Going back not only means starting from scratch but also adopting anything that the code to be changed touches. It's often a lot of work with uncertainty and thanklessness attached to it.
It's not any worse than introducing a new abstraction when there previously wasn't one. At least in a statically typed language one will quickly identify those touch points. When introducing a new abstraction there is no such help.
Not starting from scratch. But developers never do things like reduplication, or merging modules.
Those concepts are so alien that I believe if I say those words on a recent conversation, lots of people will pop trying insisting on redefining them into meaningless ones.
I'd say this can serve as an example where triplication is better than your abstraction. What are these special open-ended items? How do you need to extend comparison to account for them? Etc. Whereas the three cases are perfectly clear and easy to understand.
The three cases force every code using ranges to deal with them. Apply this way if thinking many times for multiple concepts and you end up with a spaghetti of multiply nested if statements that's near impossible to analyze for correctness. Because now you have to read all code instead of just a tiny subset.
> What are these special open-ended items? How do you need to extend comparison to account for them?
The whole point of abstraction is to make those decisions once and isolate the complexity in one place instead of having it spread over N places in the code, forcing everybody to solve the same problems again and again.
Do ranges not support a limited set of operations through which the rest of the code can interact with them, instead of manipulating the endpoints directly?
I would think of the range itself as the abstraction, and then it matters less how it's implemented since any potential problems are local to the implementation and cheap-ish to fix.
Yes, this is correct. The range is the abstraction, and then you can choose how to represent it. Not much difference between the three range cases, and the single case with special endpoints, except that the three cases are more general, as no special values are needed.
Sure you can probably also do it, but this is not the way how the code was originally written. The original ranges present the bounds in their public API, and most code just operated on them.
Then I would say that's the problem. Whatever implementation you leak, the problem is the lack of implementation hiding, not that the implementation looks this way or that way.
I agree, your point still holds and if anything becomes stronger, because now we've identified a concept at a higher level of abstraction to replace endpoint operations!
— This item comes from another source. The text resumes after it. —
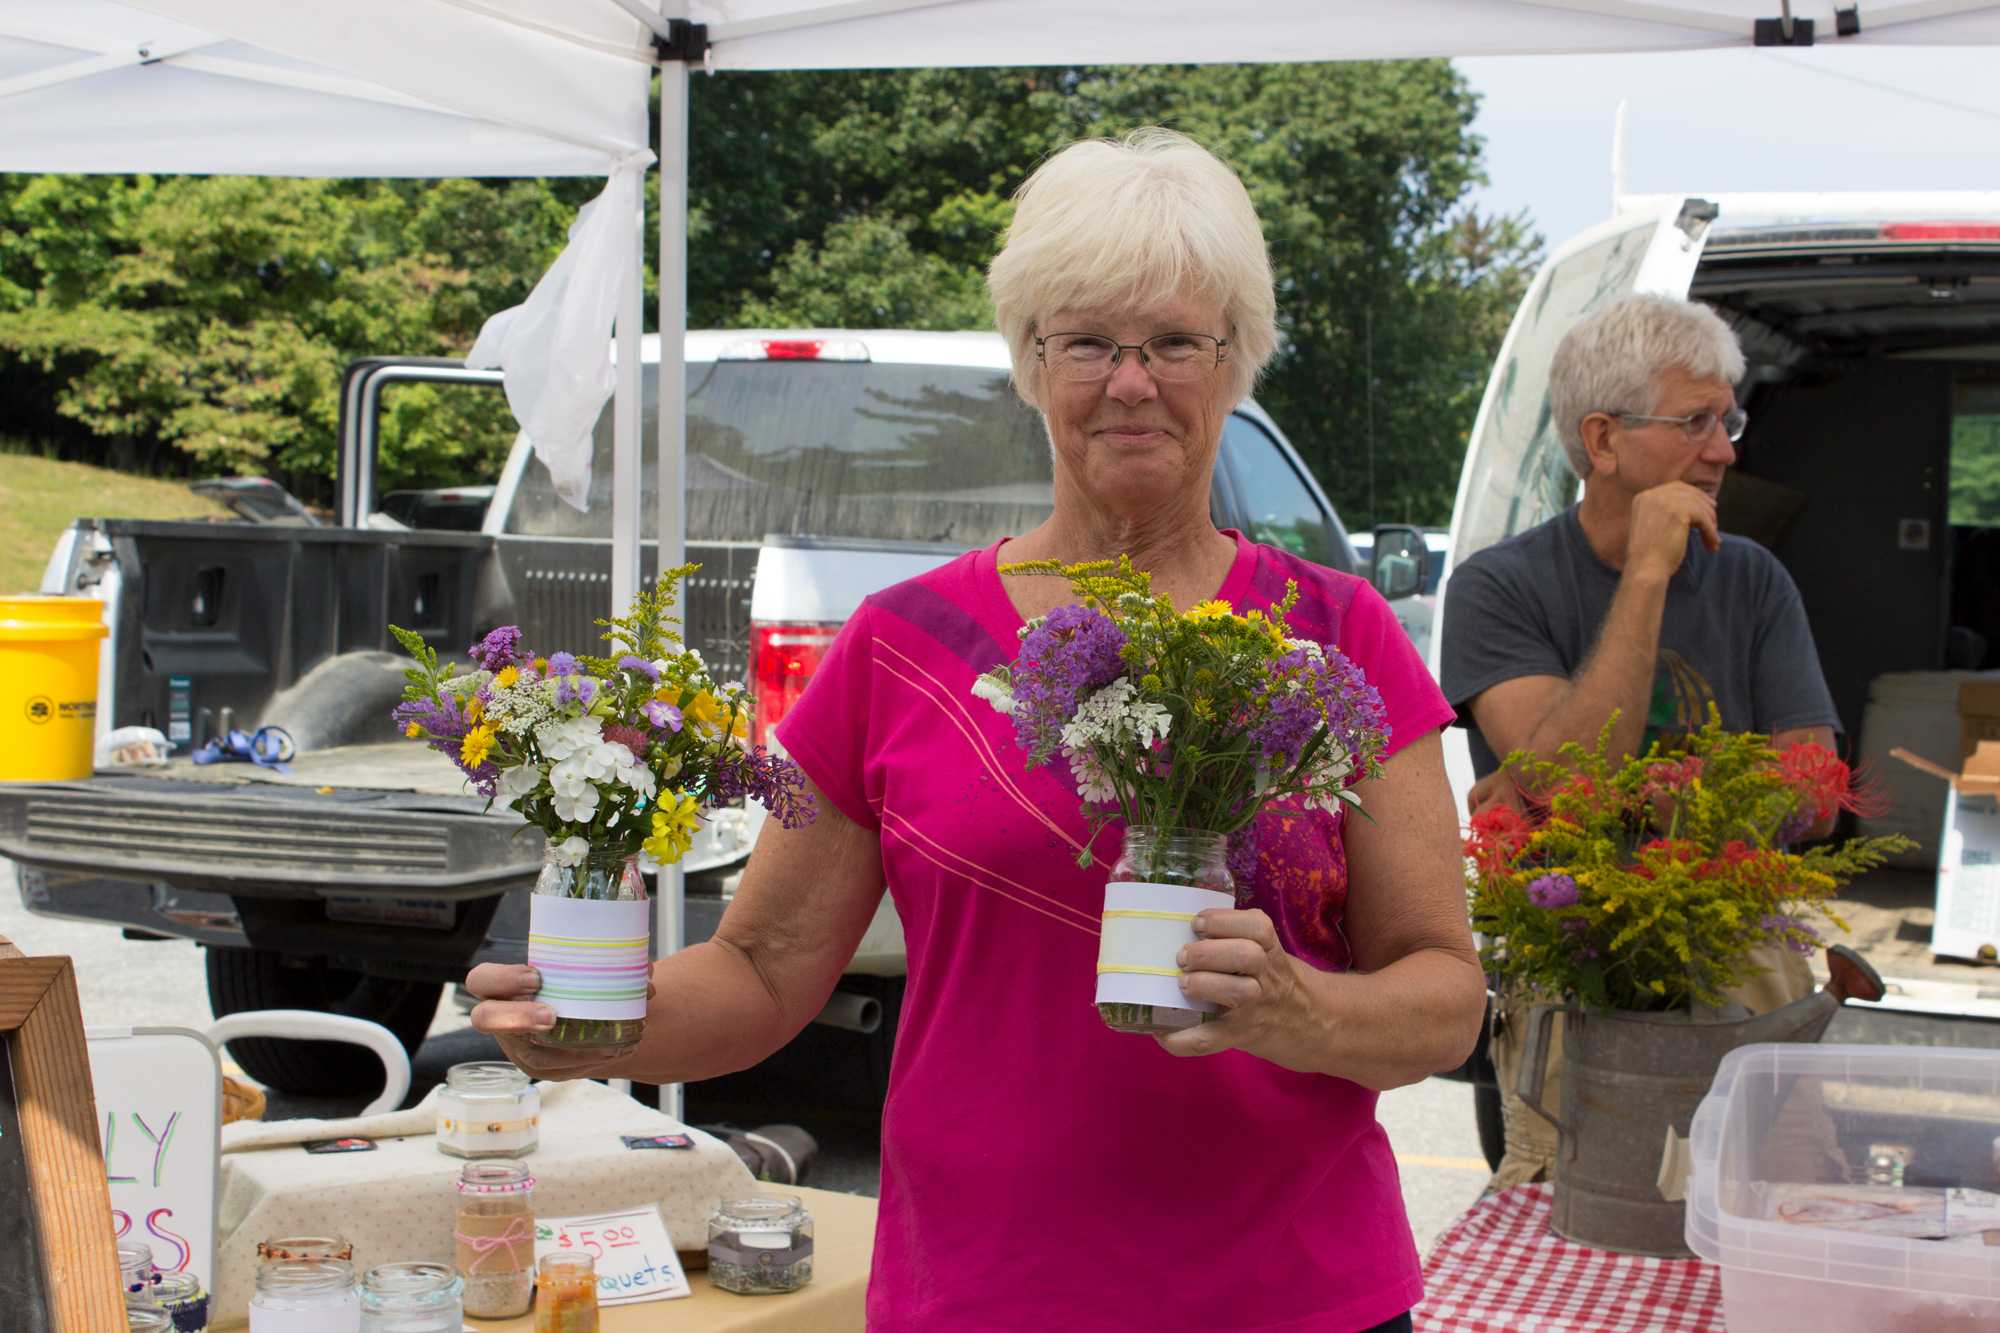 Lori Bryk, mother of Cory Bryk who started New Life Farm in Lenoir, NC helps her son and his family during the Farmers' Market. Bryk passes out a bouquet of flowers to a random person each Saturday.

Hard disagree here. Encapsulation is just one aspect of implementing the abstraction. And I'm not even convinced it is the best way here. Leaving the ranges as simple structures with two public fields, but introducing an "infinity" concept is another way to go. No encapsulation but still abstract (although one may argue this is still encapsulation but at a different level - applied to range bounds instead of whole ranges).
Encapsulation of ranges doesn't actually fully solve the problem, but just moves and isolates the complexity to the private implementation of the range concept (likely a class in OOP). E.g. you want to compute if two ranges overlap - you still have to deal with the complexity of 3 cases in each argument, so total 9 cases.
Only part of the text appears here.